Over the next day, Eden was tube fed a couple times until she seemed to be improving. Two weeks passed. In that time, Eden was active and alert. She began to follow her brother around. While it wasn't the normal, rough and tumble bouncing I was used to, Eden was beginning to be more and more active. She still never seemed to nurse as long as Micah. The congestion in her nose came and went. Sometimes it was quite pronounced, other times she appeared normal. We had had good success in the past treating slight nasal congestion with a combination of Triaminic and using peppermint essential oils diluted in coconut oil as a rub. We used those treatments on Eden when her symptoms warranted them.
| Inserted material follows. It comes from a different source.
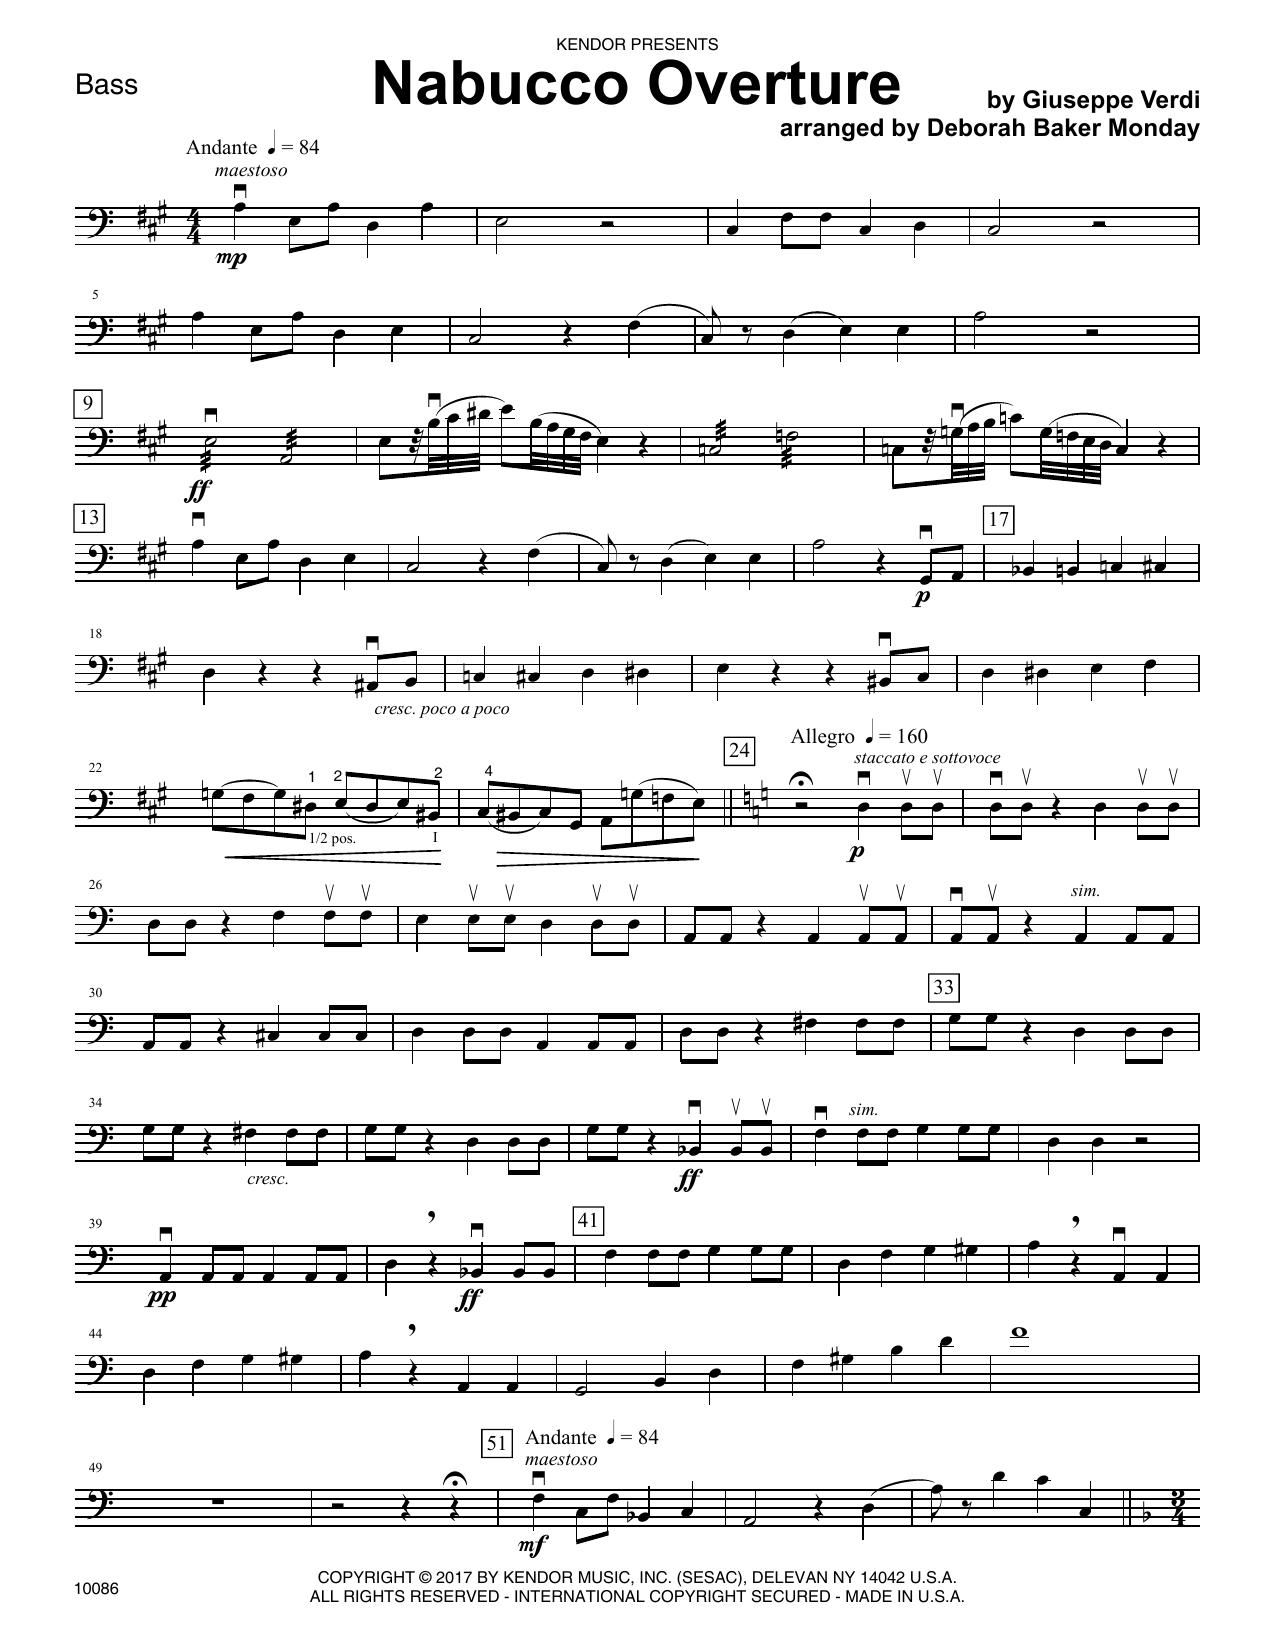 Nabucco Overture - Bass

At the Vet's office this morning.
This morning, her condition changed dramatically. The congestion that had been intermittent, settled into her lungs with a clearly discernible rattle. Sean called the Belfast Veterinary Hospital and we got an appointment for the afternoon. Upon examination, Dr. Sarah discovered Eden has a very pronounced cleft palette. For those unsure of what that is, basically, the boney structure at the roof of her mouth did not develop properly. There is a good sized hole which allows milk to travel from her mouth to her nose. It prevents her from creating the vacuum pressure to swallow properly, so drinking life-sustaining milk is a tremendous challenge. This condition often results in the decision to euthanize. The deformity commonly results in susceptibility to pneumonia, failure to thrive because getting enough nutrition will be a life-long hurdle, and the inadvisability of future breeding. Breeding is avoided because Eden will have a hard time maintaining her weight without the demands on her body carrying kids will cause. And, too, while we don't believe it is the case with her, cleft palette can be hereditary. So, though she is EXACTLY perfect in every other aspect in terms of what traits our farm is hoping to breed: naturally polled, lamanchas with excellent milk lines- this deformity means Eden can't be a mother as things stand. Right now, we're more concerned with whether or not she can live.
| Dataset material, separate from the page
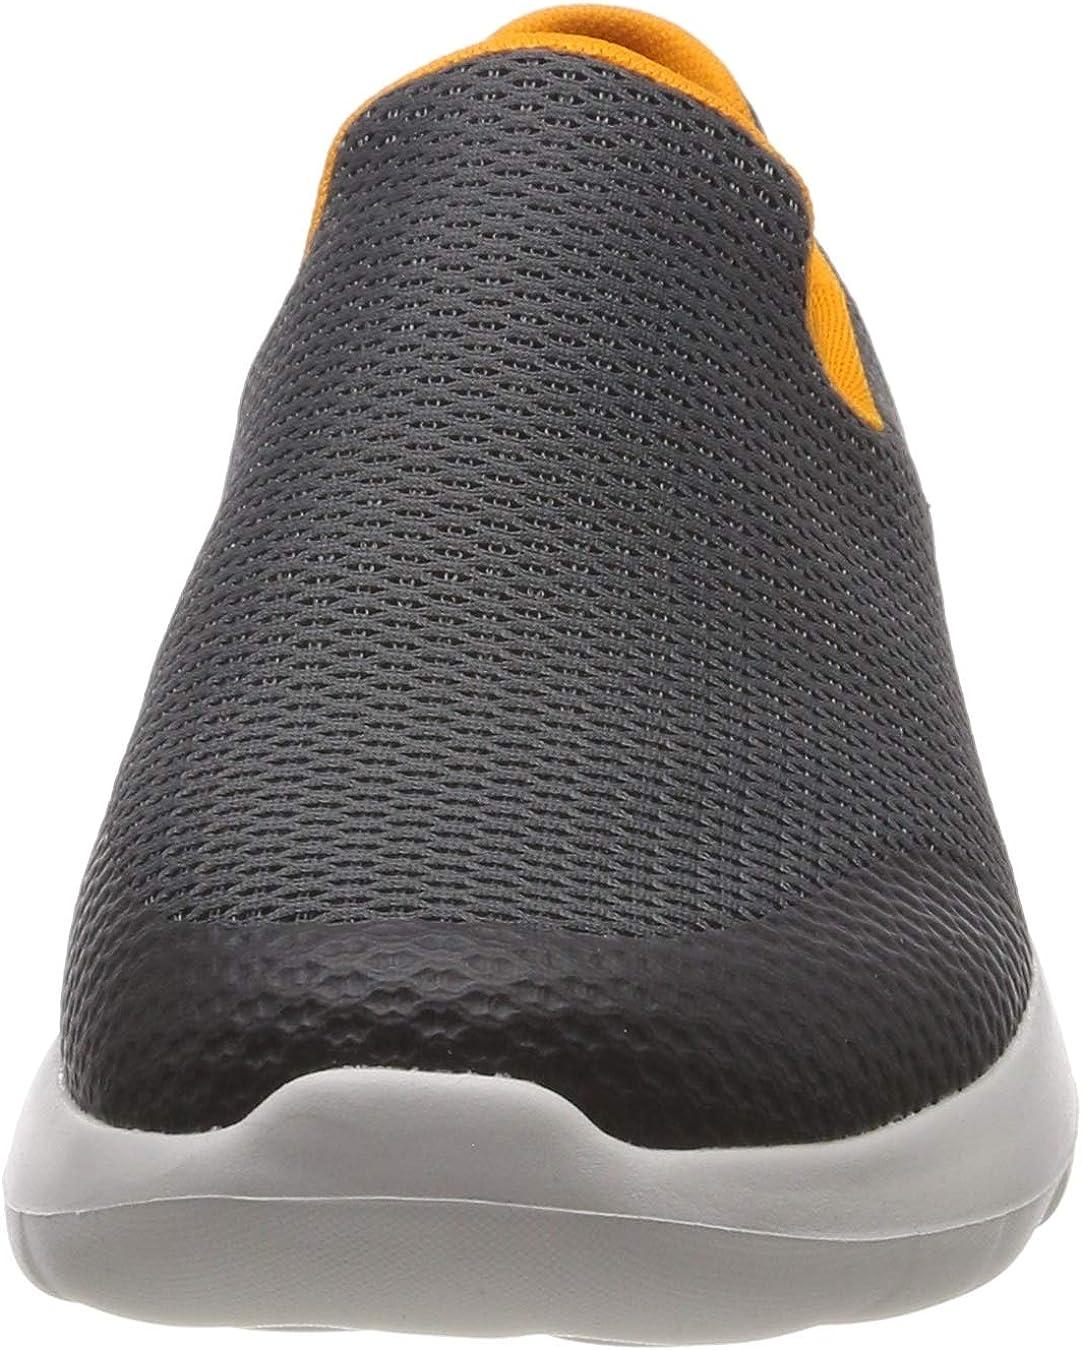 GO Walk MAX-Focal Sneaker

We discussed these dangers and concerns at length with Dr. Sarah and are following her advice- with a couple of adjustments. Dr. Sarah has suggested we pull Eden from her mother and tube feed her for the next 8 weeks or so. Tube feeding each meal will completely by-pass her cleft palette and reduce the risk of pneumonia. She gave us injections of Nuflor antibiotic to treat Eden over the next 3 days. Dr. Sarah thinks its worth waiting to see if there are any changes to the palette as she gets some size and weight on her. It is possible to have repair surgery done when she is a little older. Surgery comes with its own risks to weigh. Dr. Sarah offered to call in a consult because though she has performed the tricky surgery on other animals, there is a huge chance of infection and the surgery itself is tricky.

Birgitta's Family 2020
So, we are taking her advice and tube feeding her to supplement her diet. The change that we are making is this: pulling Eden from her family. Eden is 17 days old. That means that she has been dealing with and figuring out a way to eat enough milk to be an active- if not bouncy- goat kid. She climbs with her brother on top of crates and through pens. It is a risk to allow her to remain with her family. We think the risk of pulling her outweighs it. Separating her from her family means that she will be raised alone for months. She won't forge the bonds she needs to be part of her herd, an outcast that may always be bullied. The loneliness of separation can cause depression and for her to give up the will to live that she has been demonstrating. We believe in her. She has found a way to function for this long, we are hopeful that with support, she will continue on that path.

But, she may not. It isn't an easy path ahead. She's having some trouble with congestion tonight. We'll be monitoring her closely, but the reality is- there isn't a whole lot more we can do tonight. She has been given the antibiotic to help her lungs. She's had a dose of the steroid Dexamethasone to help open her airways. She's been tube fed. She is warm, dry, and surrounded by love.